Children's Town, Onishimaki + Hyakudayuki Architects' contribution to the Chicago Biennial
courtesy Chicago Architecture Biennial Children's Town, Onishimaki + Hyakudayuki Architects' contribution to the Chicago Biennial

I caught the first inklings of an ’80s revival more than a decade ago, when arty club acts like Fischerspooner, Miss Kittin, and the Scissor Sisters started riffing on classic New Order. Social media has proven fertile ground for ’80s-philia, especially the visual platforms such as Pinterest, Flickr, and Tumblr. Tap around and you’ll find parachute pants galore, GIFs from Tron and Blade Runner, Nathalie Du Pasquier prints, and renderings of Peter Eisenman, FAIA’s Roman numeral houses. At this point, enthusiasm for the era has reached the centers of popular culture. Netflix’s latest hit, the Duffer Brothers’ sci-fi series Stranger Things, is a forthright ode to the work of John Carpenter, Brian De Palma, Ken Russell, Steven Spielberg, and other auteurs of the day. The ’80s are back, my friends. And Postmodernism is coming along for the ride.

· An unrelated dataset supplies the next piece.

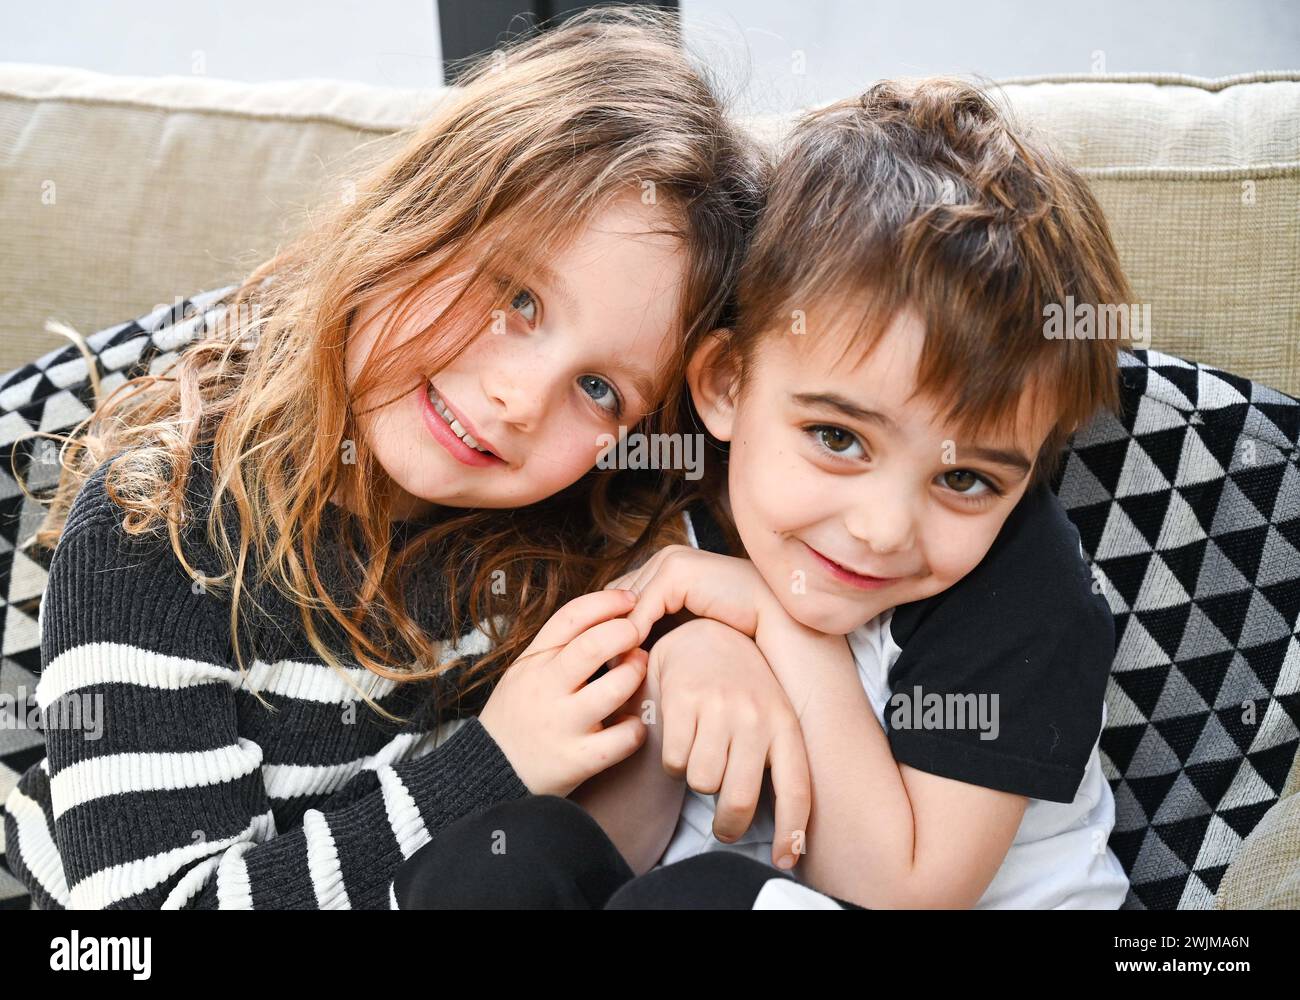 Loving seven year old girl with her four year old brother Stock Photo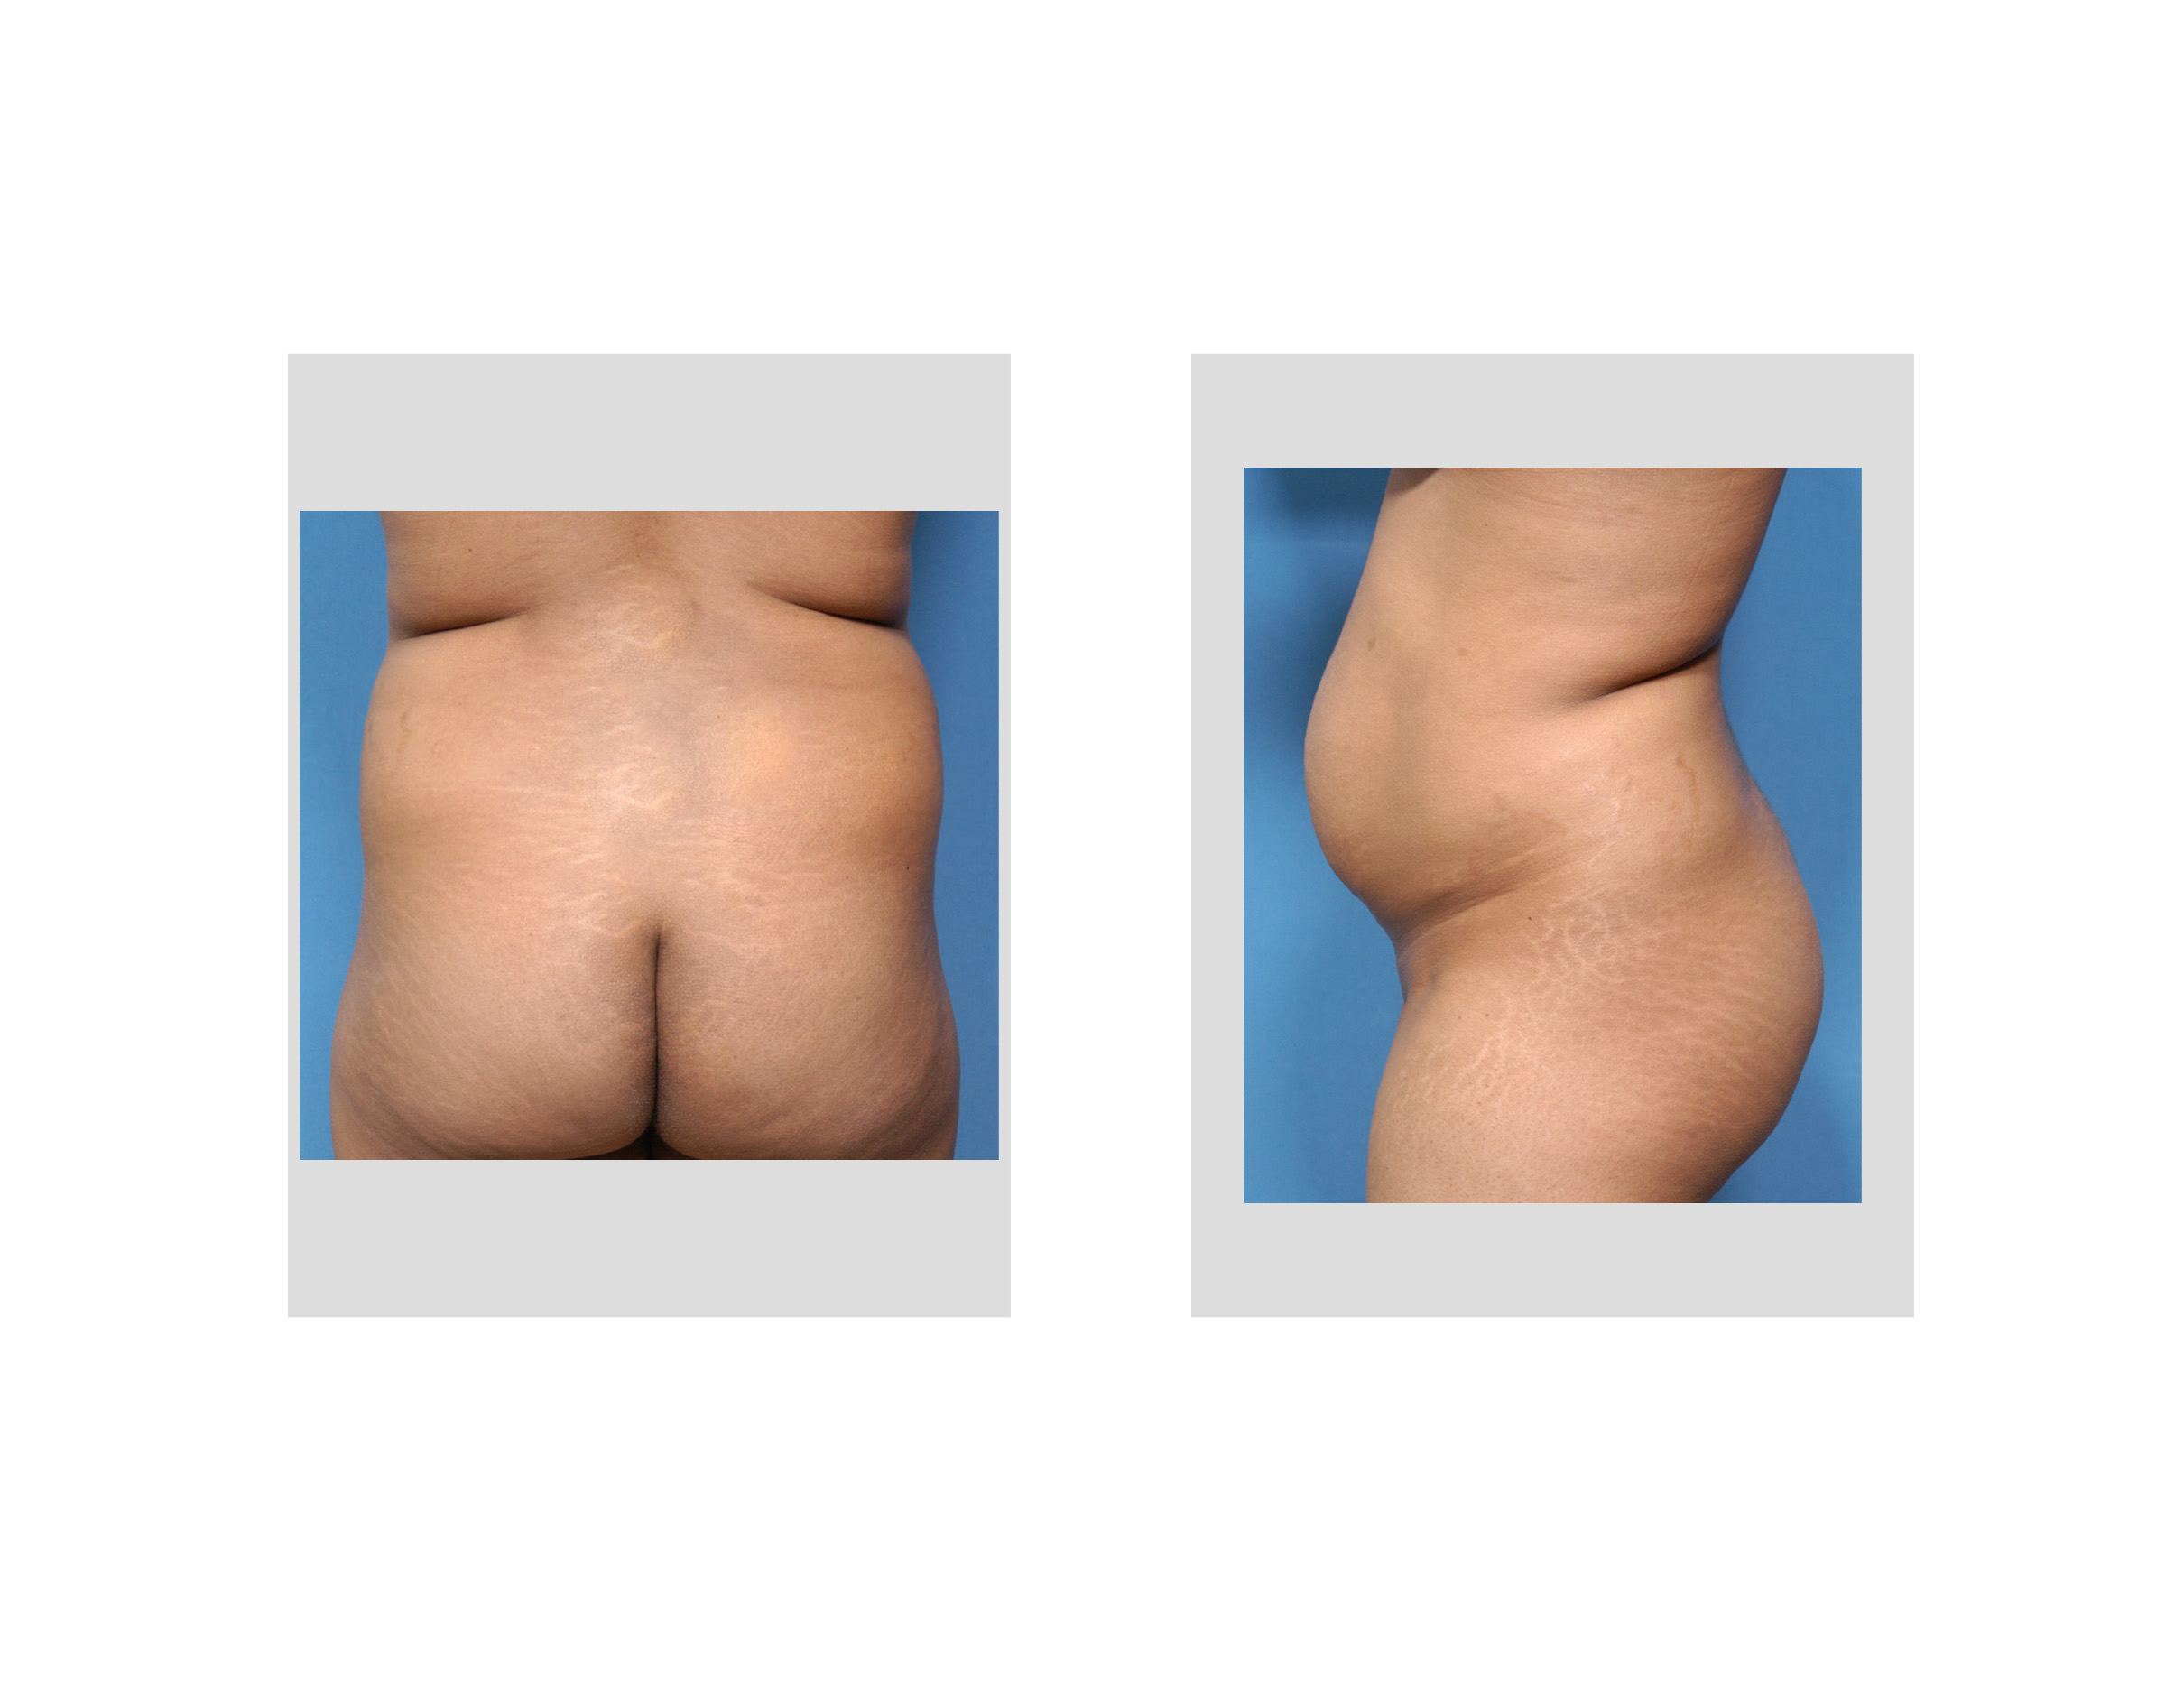 Waistline Reshaping With Muffin Top Liposuction - Explore Plastic

Some architects will shudder at the prospect of revisiting PoMo, however glancingly. After all, many dismiss the movement as an unhealthy deviation from Modernism’s long march of progress. In 2001 (the year the Scissor Sisters got together) my colleagues and I at Architecture magazine did a “Where are they now?” issue about ’80s greats and put Robert Venturi, FAIA, on the cover, with the quote, “I am not now and never have been a Postmodernist.” Venturi chose his words carefully, echoing the boilerplate repudiation of Communism so many made during the Red Scare of the 1950s. These are strong words, especially coming from a man regularly described as the father of Postmodernism. When the Pope turns apostate, you can bet the faith is lost.

The Office for Metropolitan Architecture's McCormick Tribune Campus Center at the Illinois Institute of Technology in Chicago
The Office for Metropolitan Architecture's McCormick Tribune Campus Center at the Illinois Institute of Technology in Chicago

But Postmodernism didn’t go away entirely, it just started wearing a lot more black. Rem Koolhaas, Hon. FAIA, is an obvious case in point. His first freestanding building in the U.S., the 2003 McCormick Tribune Campus Center at the Illinios Institute of Technology, plays with the conventions set by Ludwig Mies van der Rohe just as puckishly as Venturi and Denise Scott Brown, Hon. FAIA, tweaked the American commercial vernacular. The difference was that Koolhaas stuck to sanctioned modernist references: I-beam good, billboard bad.

Works from Andreas Angelidakis's Fantasy Ruins: Bags, Body Parts and Bibelot, which were exhibited at the Chicago Architecture Biennial
courtesy Chicago Architecture Biennial Works from Andreas Angelidakis's Fantasy Ruins: Bags, Body Parts and Bibelot, which were exhibited at the Chicago Architecture Biennial

Koolhaas raised a generation—Bjarke Ingels, Jeanne Gang, FAIA—that is equally beholden to Postmodernism, but perhaps less squeamish about it. PoMo influences were all over last year’s Chicago Architecture Biennial, in work by emerging talents Andreas Angelidakis, Jimenez Lai, Norman Kelley, Onishimaki + Hyakudayuki Architects, and others. And at just about any architecture school these days, students borrow freely from Venturi and Scott Brown, Michael Graves, Arata Isozaki, Hon. FAIA, Aldo Rossi, James Stirling, and other PoMo masters.

One of Charles Jencks's famous diagrams of architecture's stylistic and theoretical evolution
NCCS One of Charles Jencks's famous diagrams of architecture's stylistic and theoretical evolution

Where established architects may feel uneasy about having participated in a movement that fell so spectacularly out of fashion, younger designers and students can approach Postmodernism with an open mind. And that’s good. Because Postmodernism has a lot to teach them, and all of us. As Charles Jencks’ famous flowcharts illustrate, a happy cacophony of -isms were born and flourished under the big tent of Postmodernism: critical regionalism, traditionalism, New Urbanism, deconstructivism. And if there’s anything the world needs now, it’s to embrace the values of plurality and difference.